→ Source material
↓↓↓

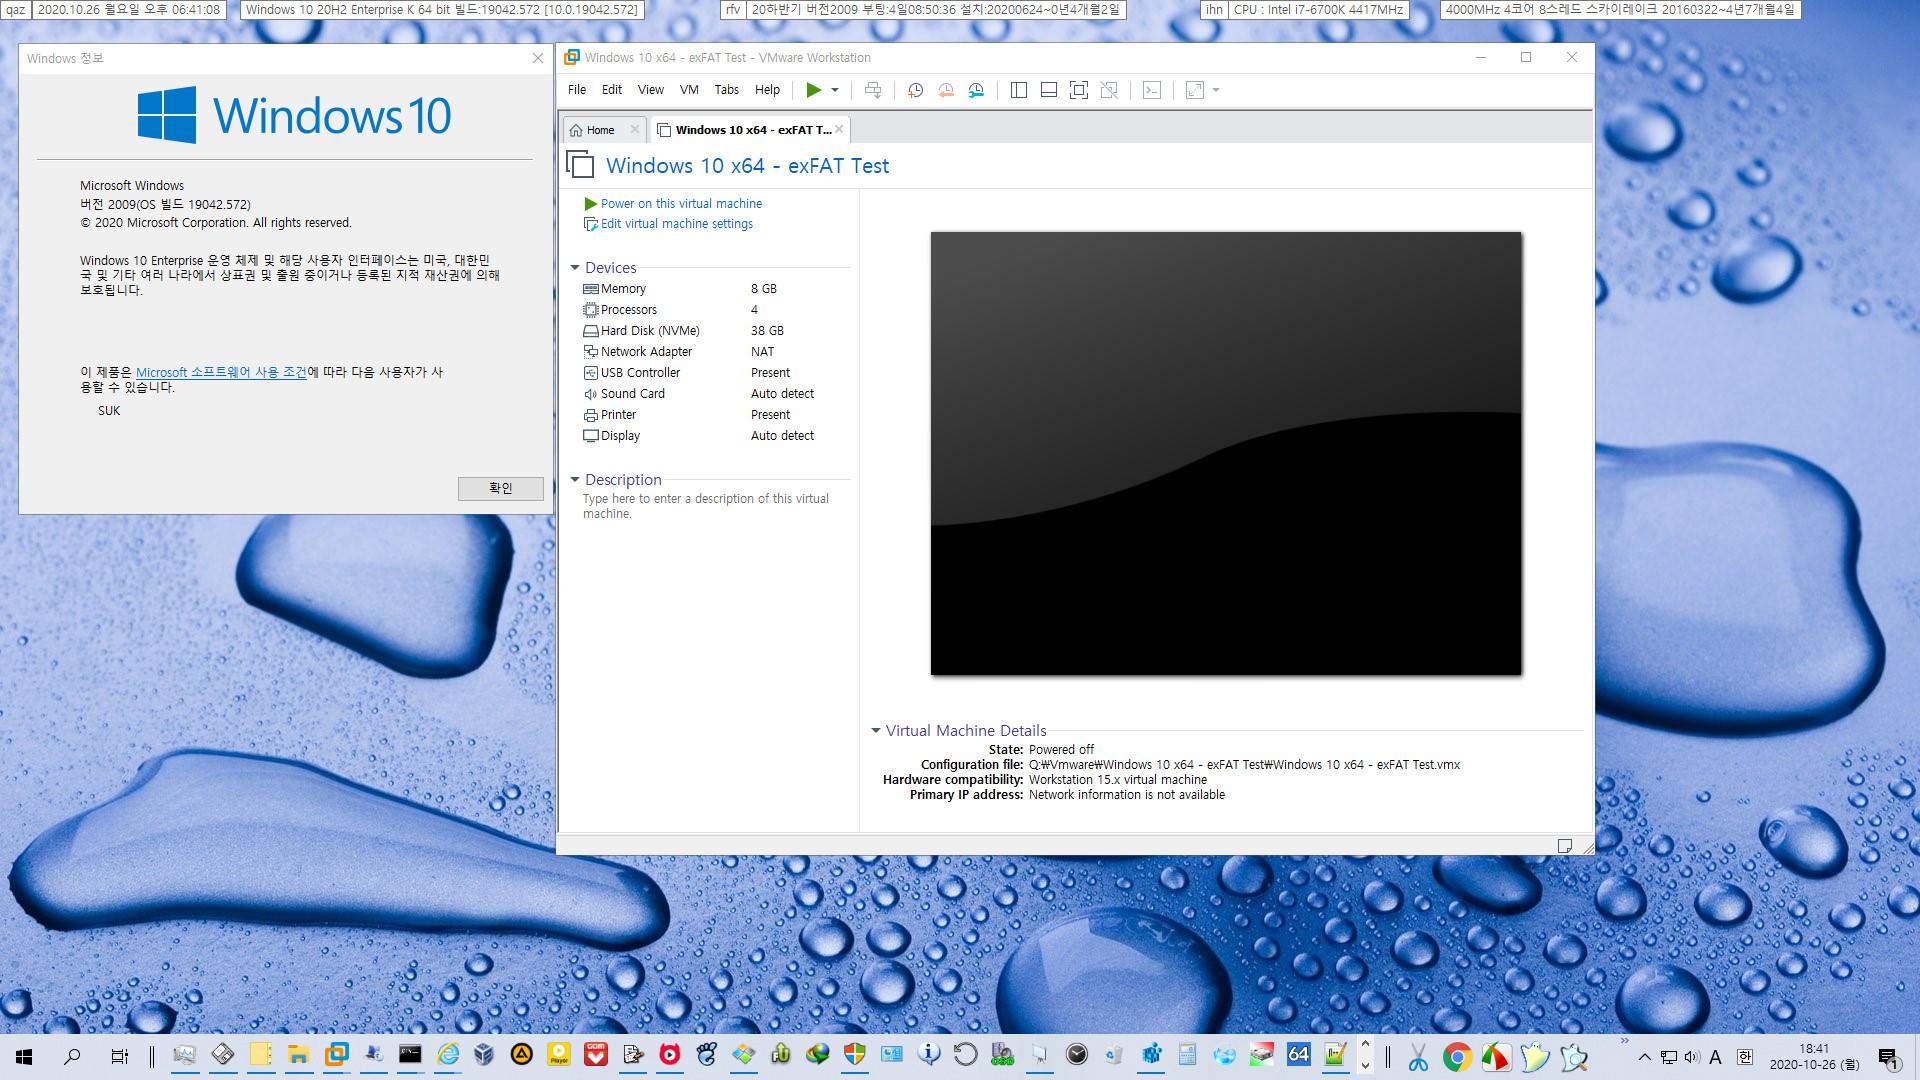 exFAT 포맷으로도 VHD 부팅이 Windows 10 버전 1903부터 된다고 하여 테스트 - 완전 생고생 했습니다 2020-10-26_184108.jpg
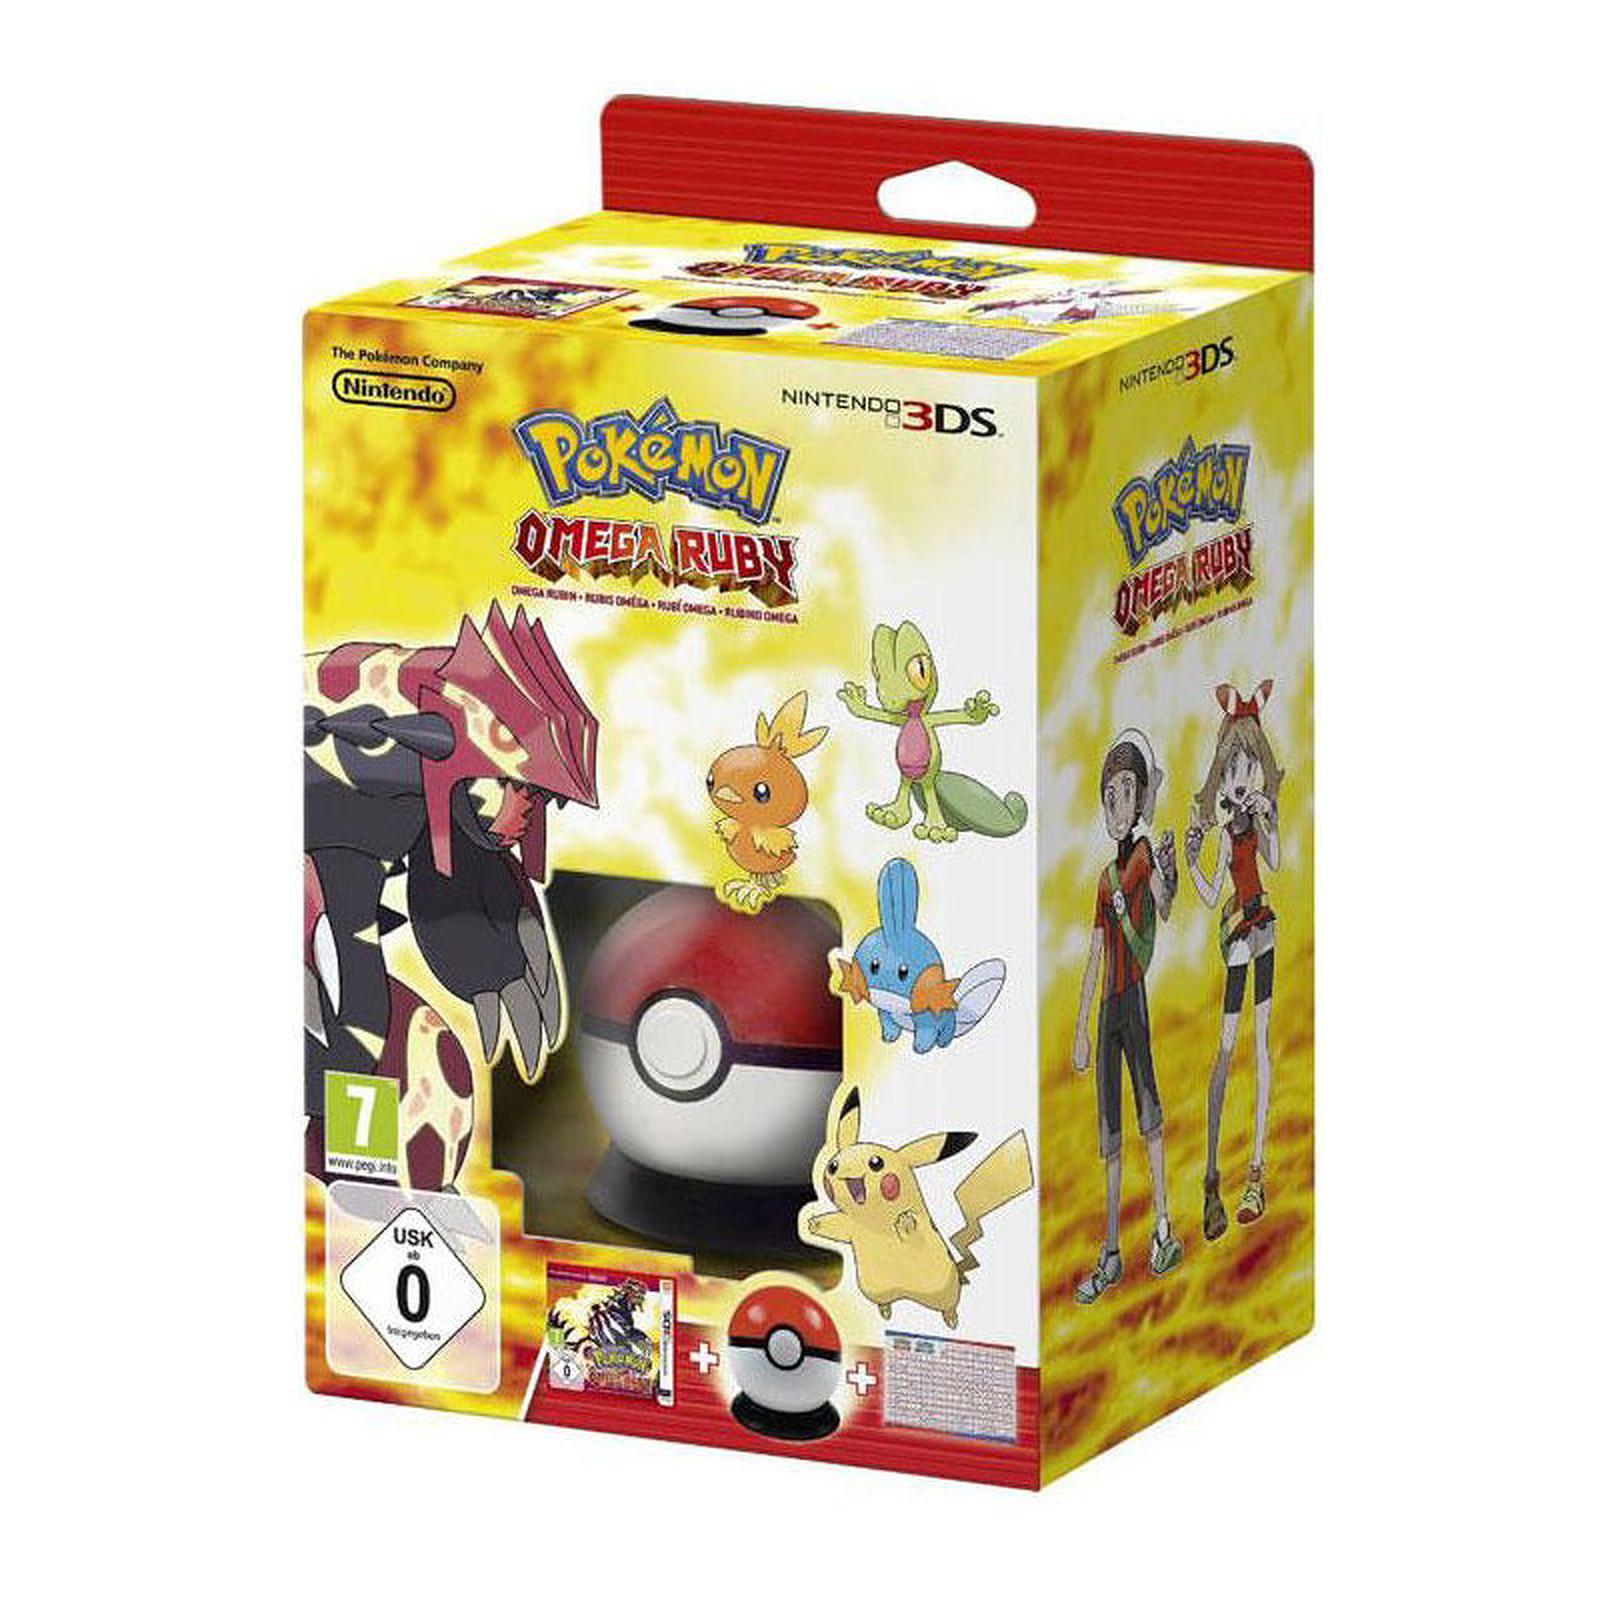 Pokémon : Rubis Oméga + Pokeball + Poster (Nintendo 3DS/2DS)
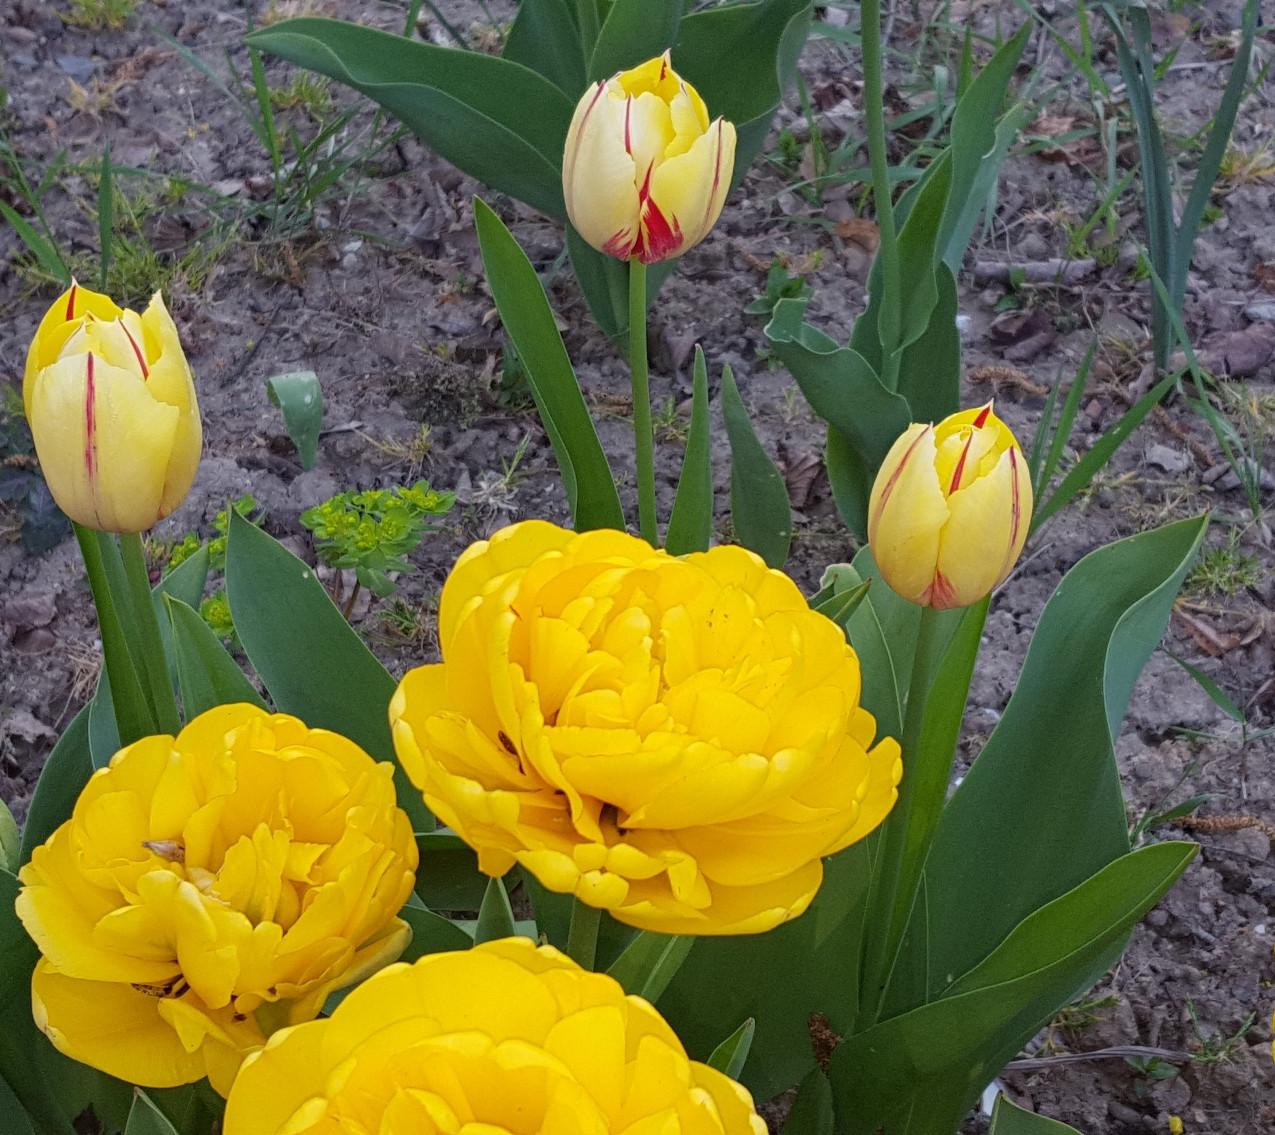 Zahrada-jaro-2020-Plnokvete tulipany
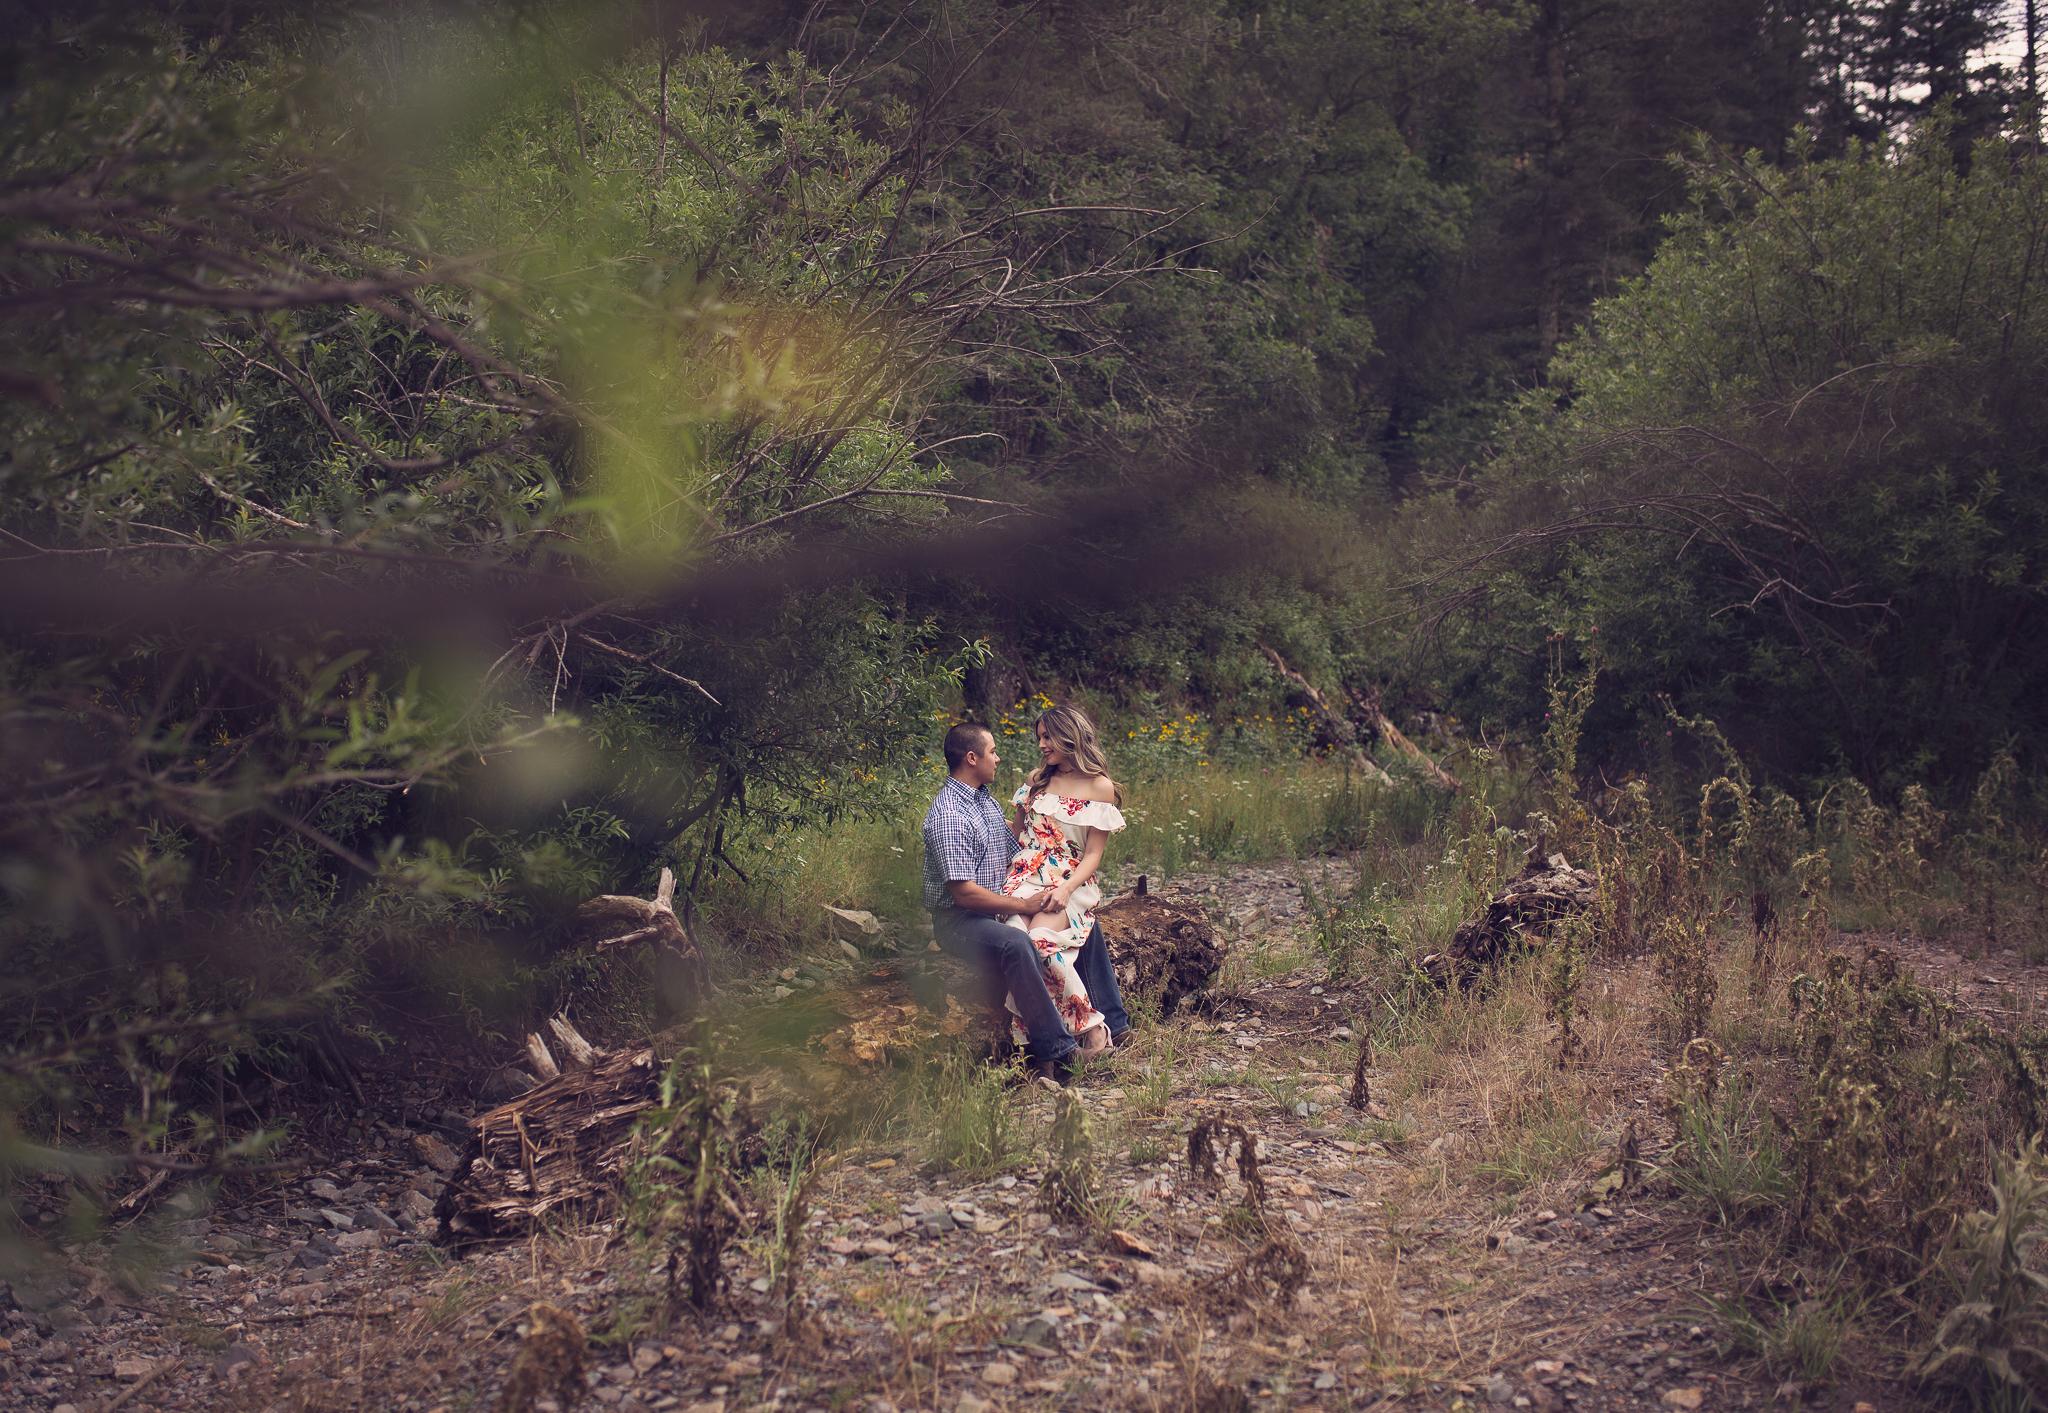 richard-guerra-photography-wedding-quinceañera-senior-family-maternity-children-cake-smash-photographer-portraits-southeastern-new-mexico-west-texas-hobbs-eunice-jal-lovington-lubbock-odessa-midland-seminole-seagraves-andrews-brownfield

↑↑↑

I would like the material above returned exactly as it stands, without its pictures.

→ Solution to this problem
 exFAT 포맷으로도 VHD 부팅이 Windows 10 버전 1903부터 된다고 하여 테스트 - 완전 생고생 했습니다 2020-10-26_184108.jpg
 Pokémon : Rubis Oméga + Pokeball + Poster (Nintendo 3DS/2DS)
 Zahrada-jaro-2020-Plnokvete tulipany
 richard-guerra-photography-wedding-quinceañera-senior-family-maternity-children-cake-smash-photographer-portraits-southeastern-new-mexico-west-texas-hobbs-eunice-jal-lovington-lubbock-odessa-midland-seminole-seagraves-andrews-brownfield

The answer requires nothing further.